When any content skill (slides, summary, etc.) completes work inside the `knowledge-base/` directory tree, it should check whether the document it processed is in `index.md`:

1. Read `knowledge-base/index.md`.
2. Search for the document by filename or title.
3. If not found, read the document's `_summary.md` and append an index entry.
4. If found, no action needed.

This is a lightweight check (read index, grep, optionally append one row). It does not require invoking the kb-update skill. Content skills should perform this check as a final step after writing their deliverables.
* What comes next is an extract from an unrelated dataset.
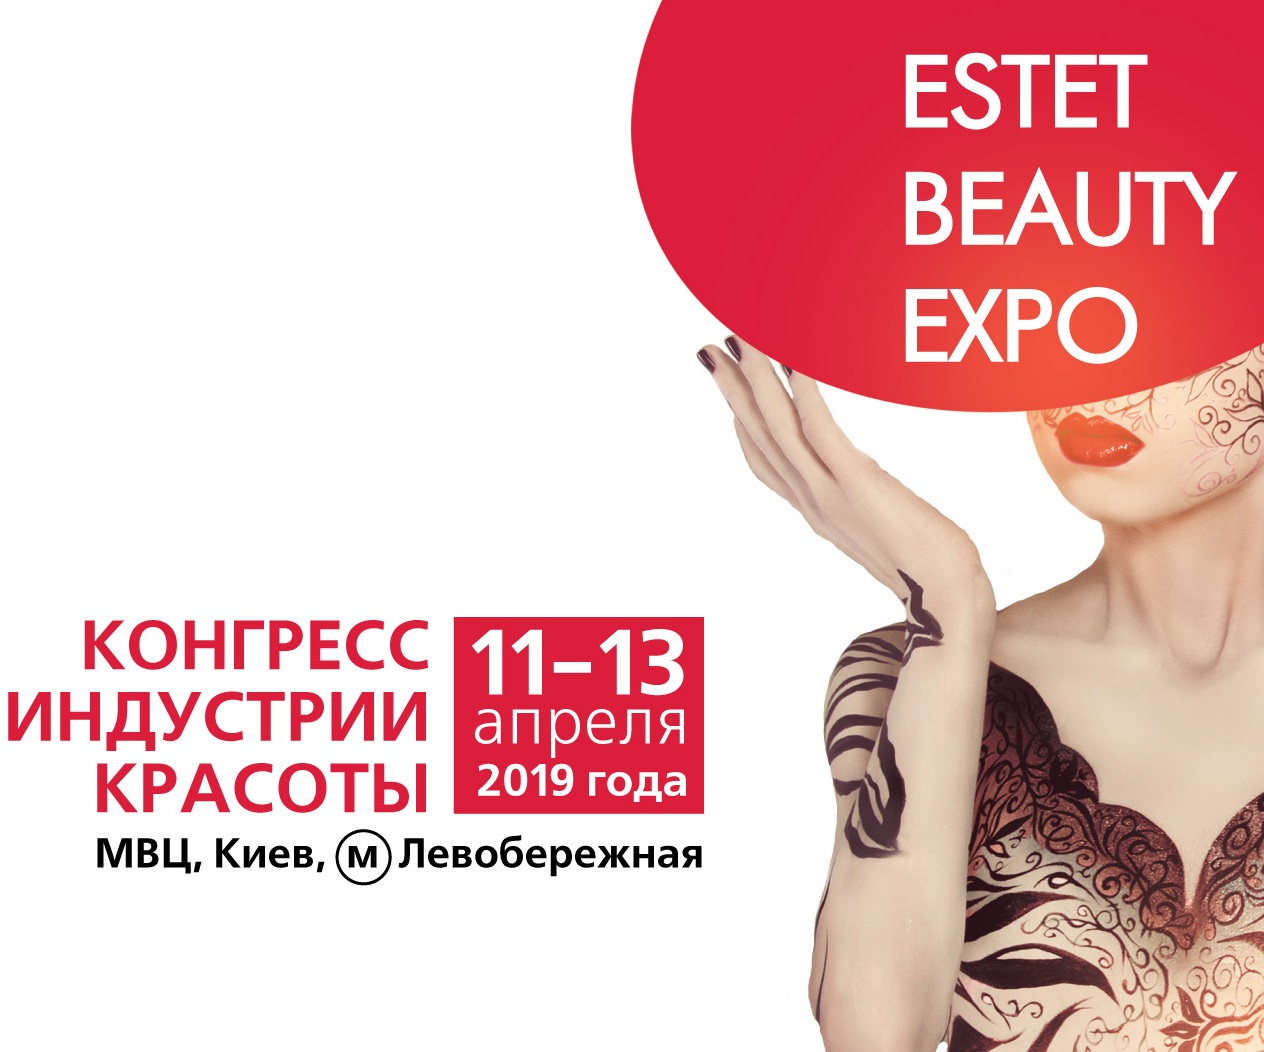 Участь у виставці Estet Beauty Expo 2019

**Where to run content skills:** Run them directly in the topic folder where the document lives. Do not route through inbox for documents that are already organized. The skill creates its subfolder and build artifacts in place. The index-update hook ensures the index stays current regardless of where processing happens.

## Constraints

- **Never delete original source files.** The skill renames and moves but never deletes.
- **Never overwrite extracts.** If an extract already exists, skip unless the user explicitly asks to regenerate.
- **Index is append-only during processing.** Entries are only removed by the [kb-update](../kb-update/) skill when source files are confirmed missing.
- **Topic folders are user-created.** The skill suggests new folders but waits for approval before creating them.